If you have been following my posts, you know I am currently enrolled in the BEng Electrical Engineering program at BCIT, now in my third year (Level 6). This semester, I took ELEX 7660 – Digital System Design, a course that dives into hardware description languages (HDLs) (SystemVerilog), finite state machines (FSMs), the principles of digital system design, etc.
For this course, we were provided with DE10-Nano development boards. These boards are a popular choice due to their relatively low cost, having fewer onboard I/O options. To augment the board’s capabilities, BCIT supplied us with a custom PCB featuring four 7-segment LED displays, two rotary encoders, and pin headers. These headers allowed for direct connections to the FPGA via the GPIO interface and facilitated the attachment of the Texas Instruments BOOSTXL-EDUMKII. This booster pack is equipped with a variety of analog and digital inputs/outputs, including an analog joystick, environmental and motion sensors, an RGB LED, a microphone, a buzzer, a color LCD display, and more.
For our end-of-semester project, we had to build something—anything—that expanded on the complexity and concepts we explored in the labs and assignments. This project accounted for 20% of the final grade. FPGAs can be used for a wide variety of tasks, and there’s no shortage of creative project ideas. I chose to build a game because it’s a great way to challenge and showcase your technical skills. My original plan was to recreate a game similar to the arcade classic Breakout.
I had two options for video output: use the LCD module on the TI BoosterPack or write a VGA module in SystemVerilog (which is relatively straightforward).
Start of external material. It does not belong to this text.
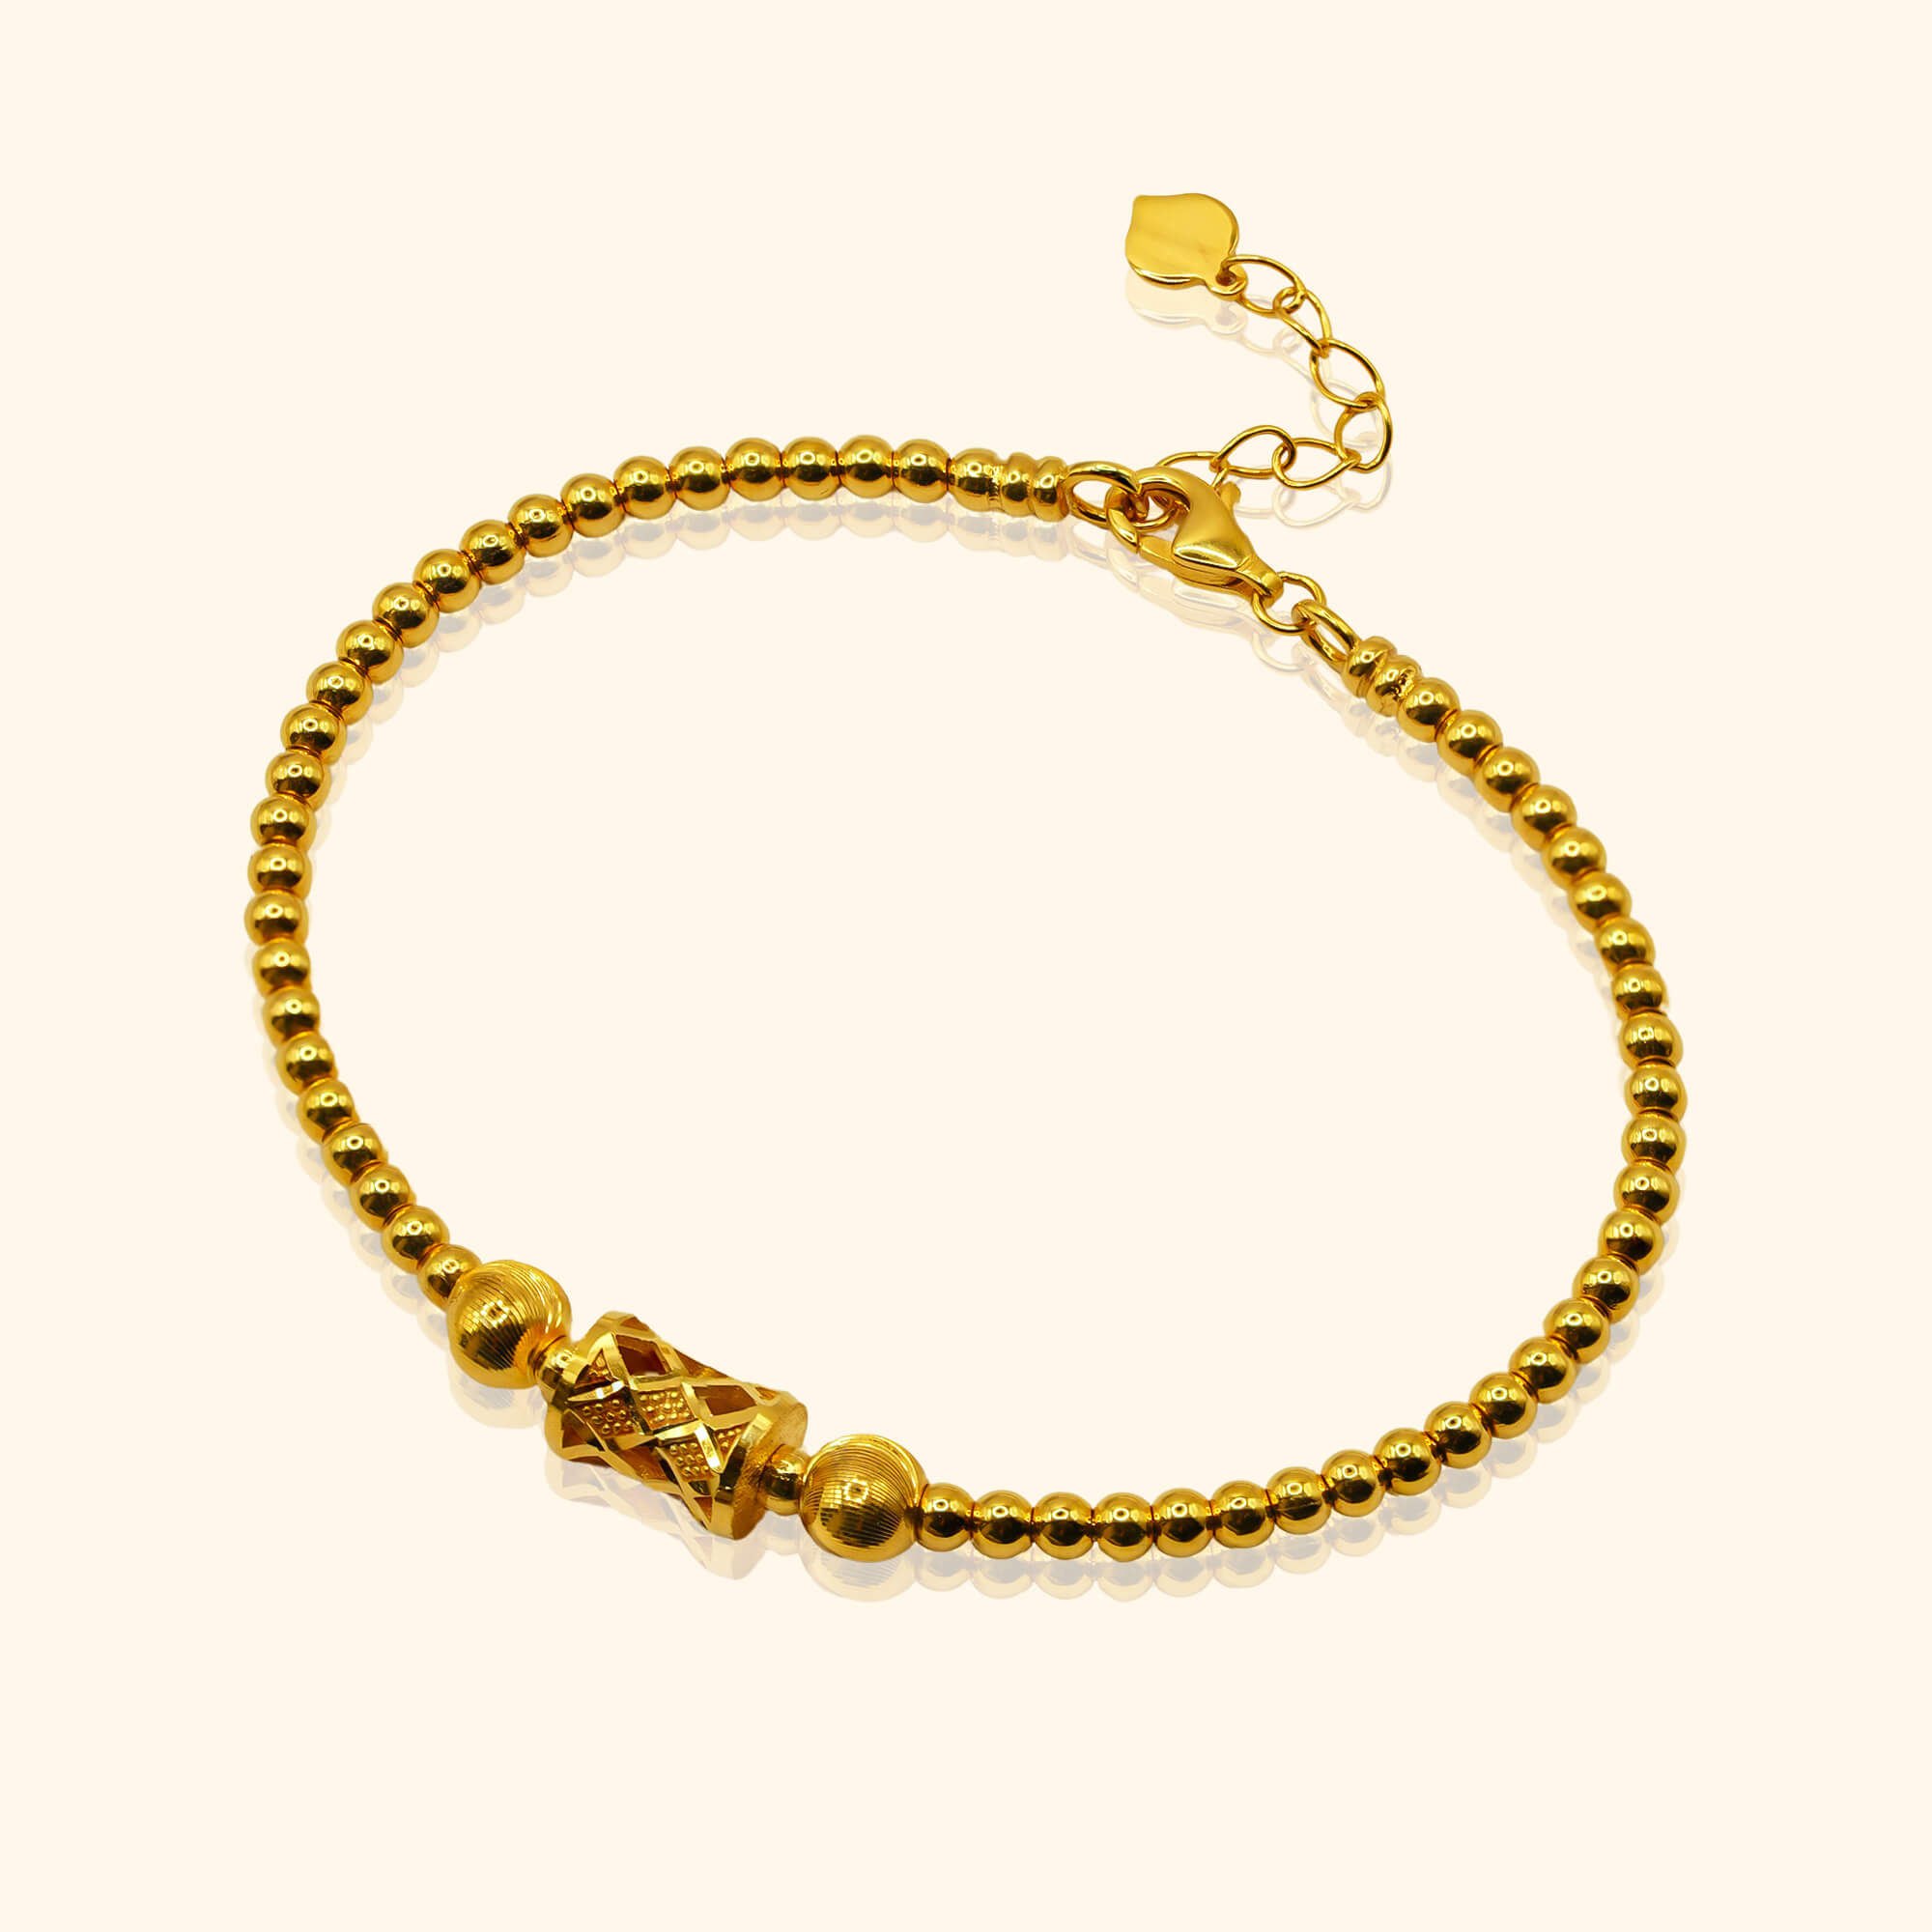 916 gold jewellery a bangle with a barrel spring design from top gold shop a cheapest gold jewellery in singapore

However, since the DE10-Nano lacks an onboard VGA DAC, using VGA would have required connecting a breakout adapter to the GPIO pins and adding resistor networks. I ordered parts for this setup, but kept it as a backup option. Our instructor made Lab 5 optional, the lab where we displayed a static image on the LCD screen. I suspected most students would skip that lab and therefore not use the LCD in their final projects. That made it a more interesting goal for me: to display game output on the 128×128 pixel LCD screen.
This approach required the use of a NIOS II soft processor system, implemented via Platform Designer (Qsys) in Intel Quartus Prime. Thankfully, our instructor provided a working codebase to display a static image on the LCD using C code that runs on the soft processor and writes to a framebuffer. I modified this code to dynamically update the framebuffer and draw it to the screen. The display, an ST7735S LCD, receives burst writes via SPI.
This is where I ran into a problem, the screen simply isn’t fast enough for smooth, real-time updates. A fast-paced game like Breakout was nearly unplayable due to the sluggish and blocky movements, even after optimization. That’s when I realized this display would be much better suited for a game like Tetris. So I decided to pivot.
Presenting: Tetris on FPGA 🎮
This is a SystemVerilog + C implementation of Tetris using:
- 🧠 RTL logic for all game mechanics (piece movement, collision, locking, scoring, etc.)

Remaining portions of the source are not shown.